» Prompt
Copy the listing below exactly, but skip the pictures.

» Given material
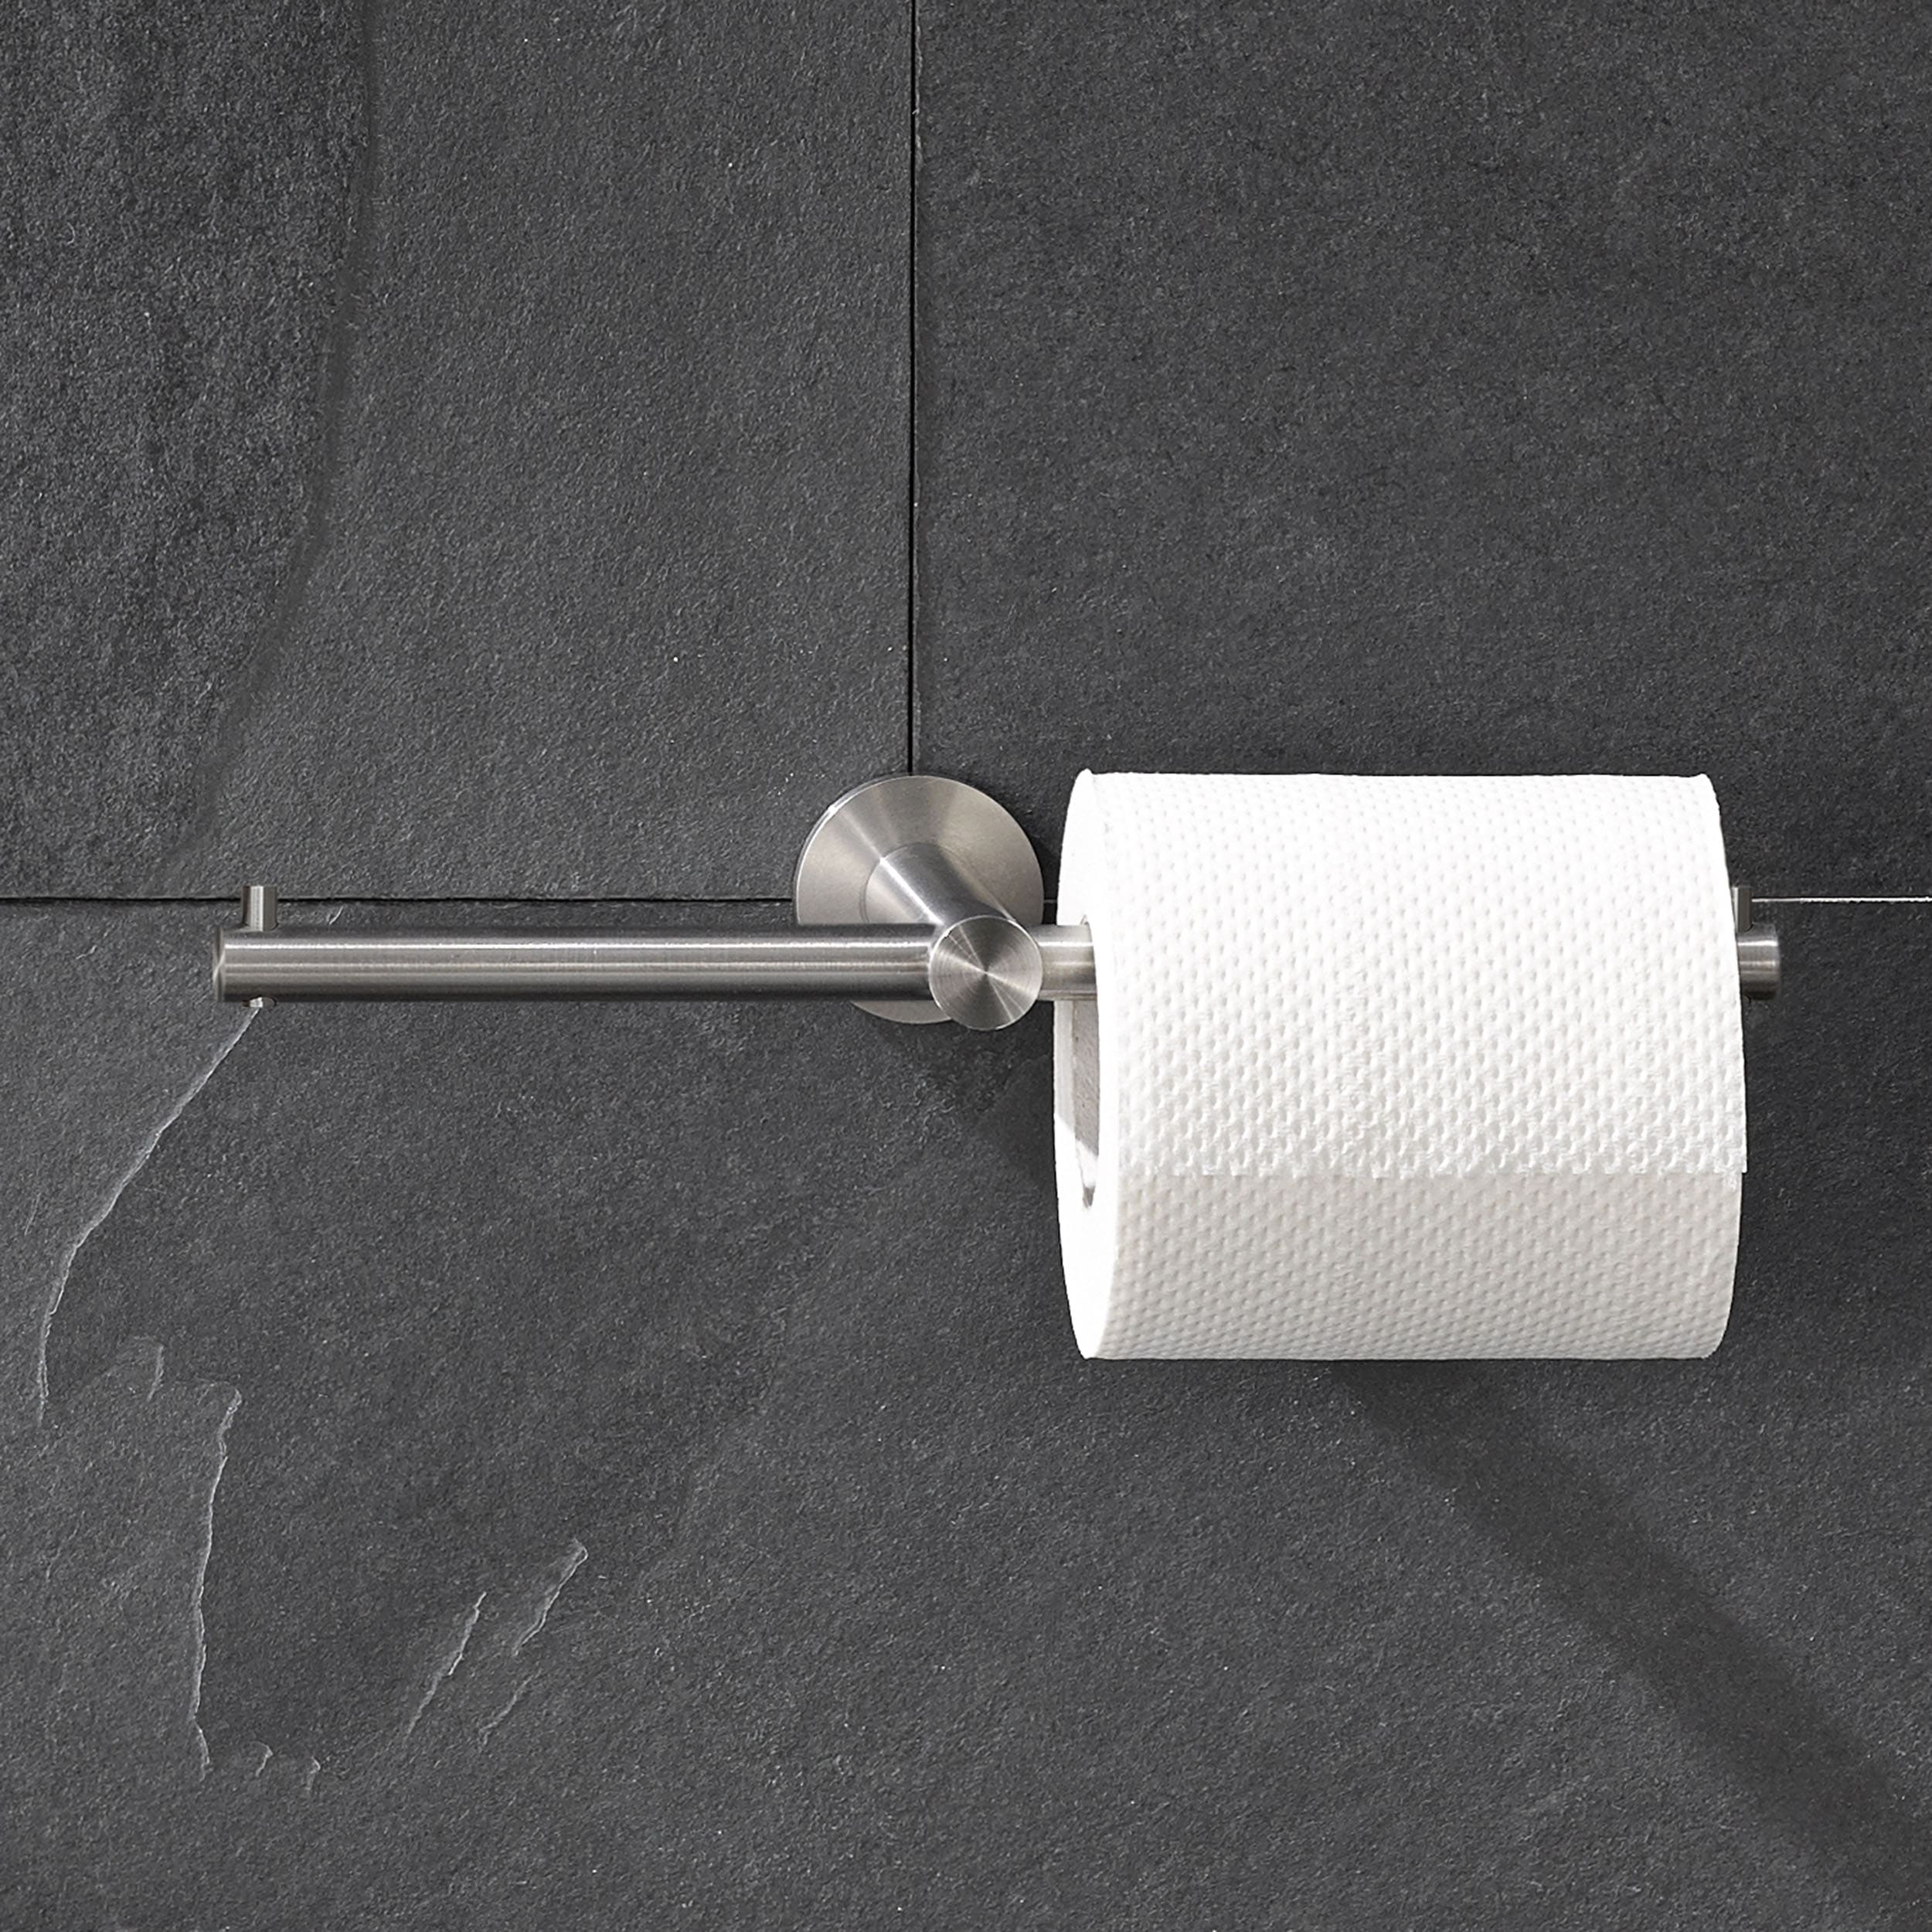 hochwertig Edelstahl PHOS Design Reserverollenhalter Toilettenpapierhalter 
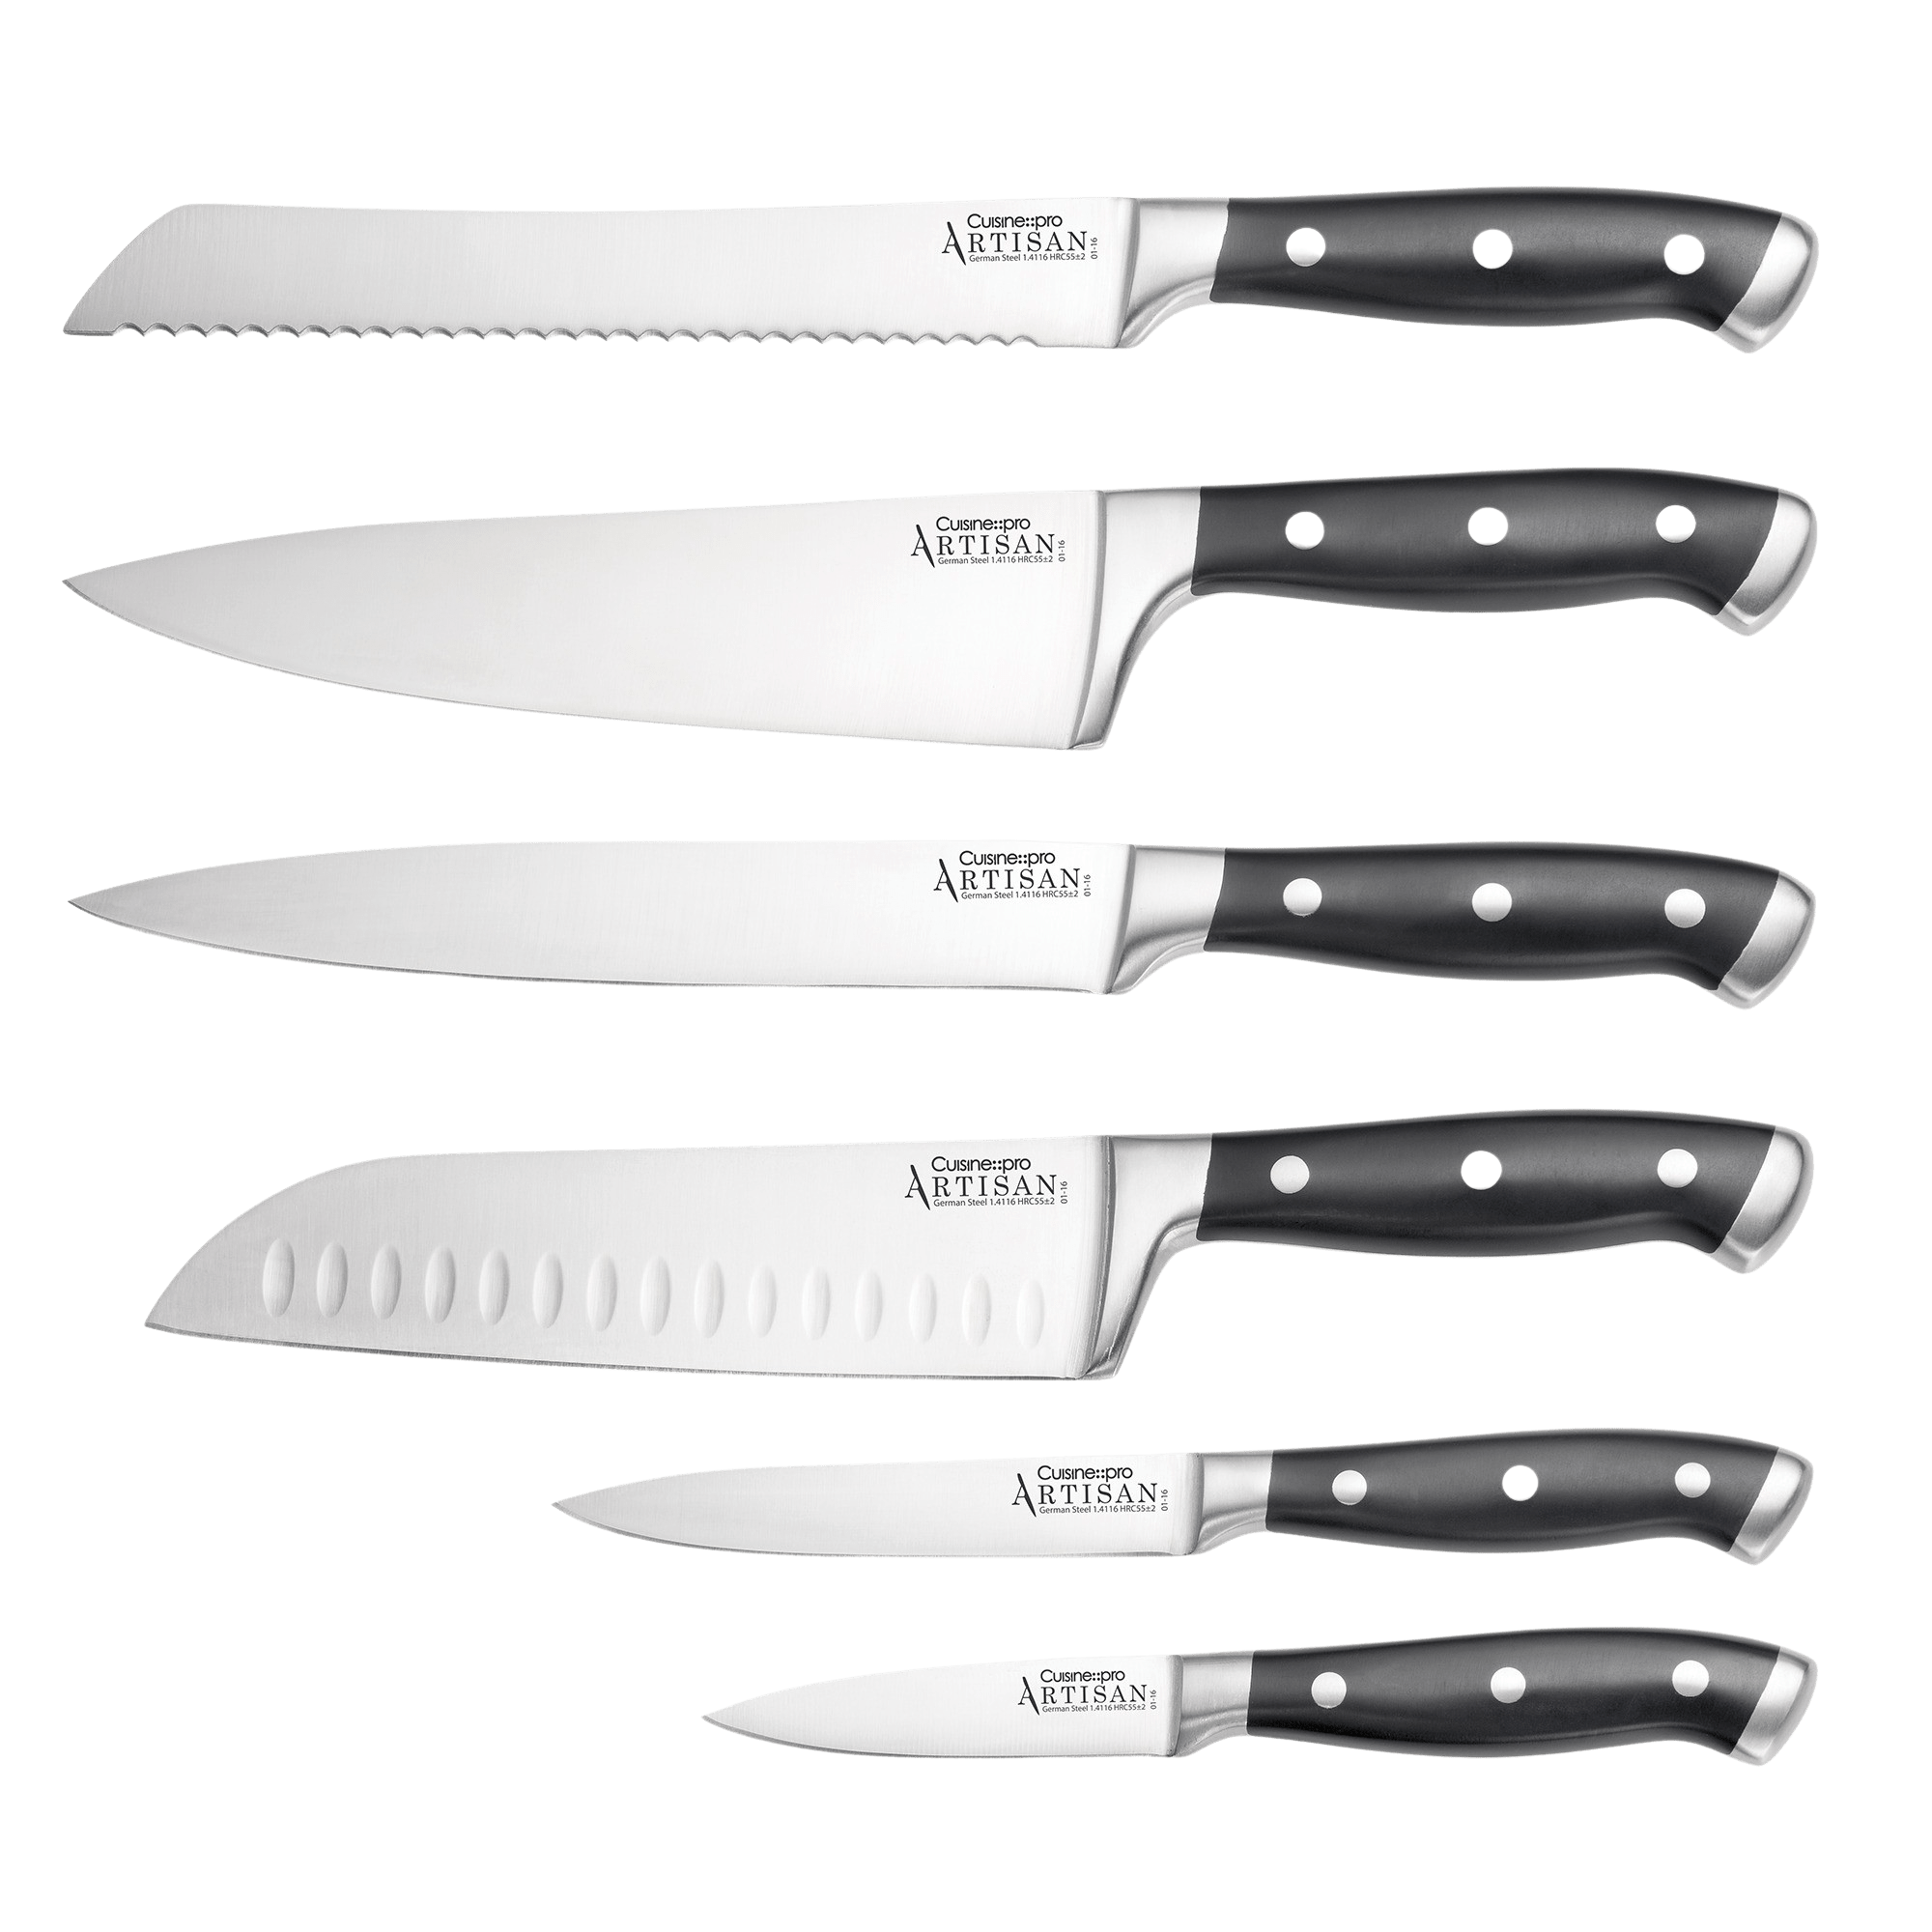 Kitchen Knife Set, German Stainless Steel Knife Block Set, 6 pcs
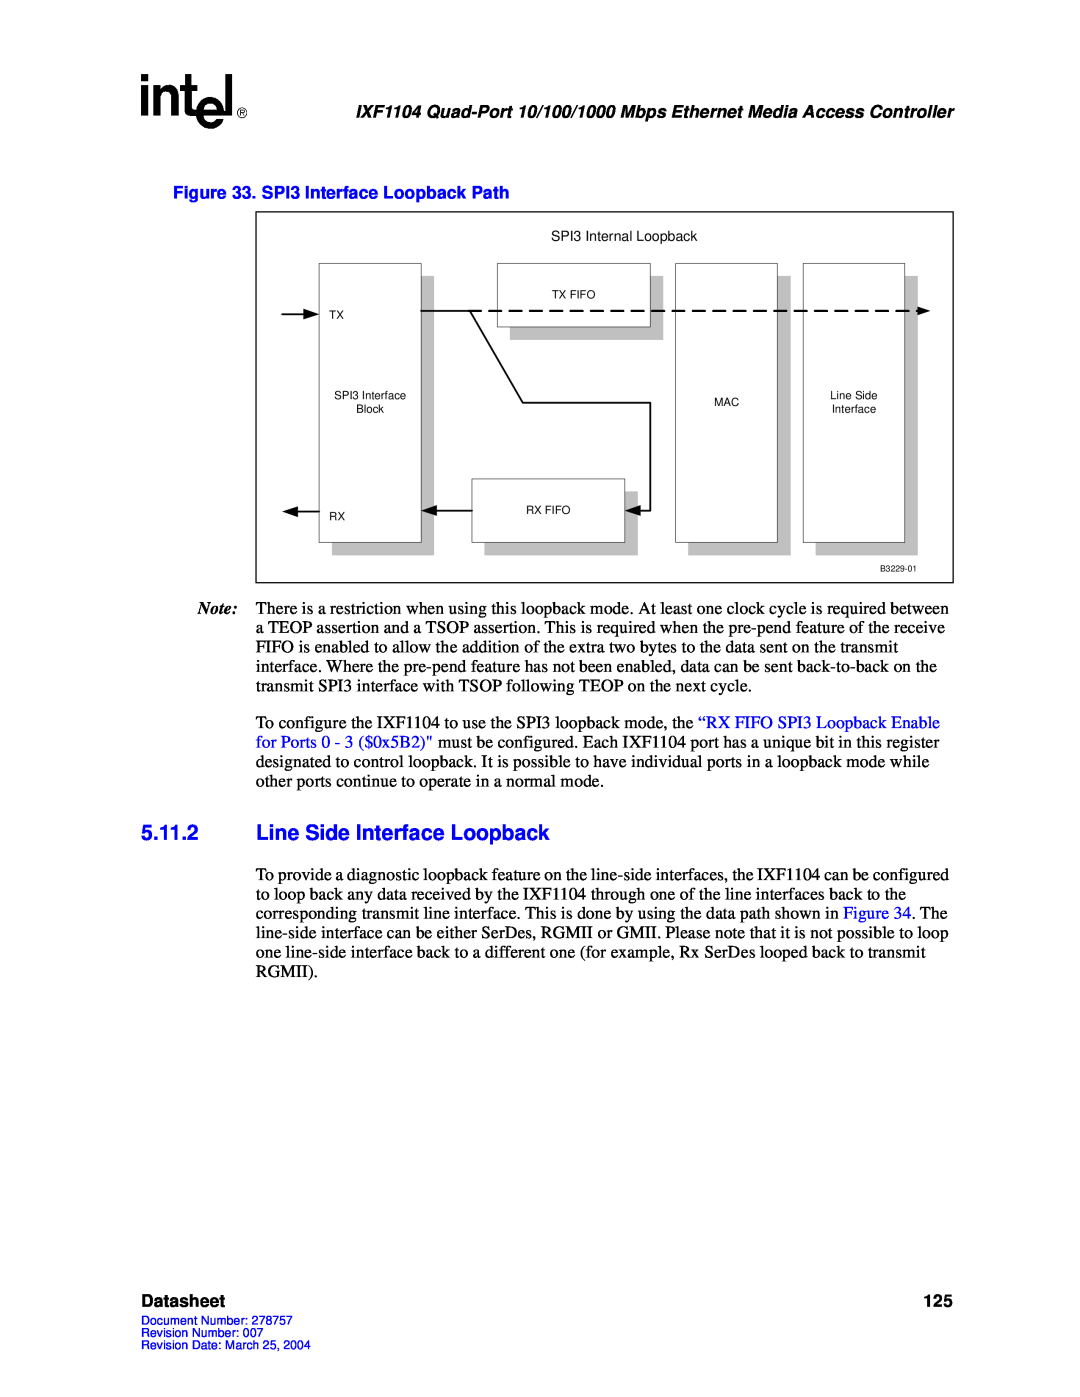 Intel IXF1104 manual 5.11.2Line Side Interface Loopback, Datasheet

» Response to this task
 hochwertig Edelstahl PHOS Design Reserverollenhalter Toilettenpapierhalter 
 Kitchen Knife Set, German Stainless Steel Knife Block Set, 6 pcs
 Intel IXF1104 manual 5.11.2Line Side Interface Loopback, Datasheet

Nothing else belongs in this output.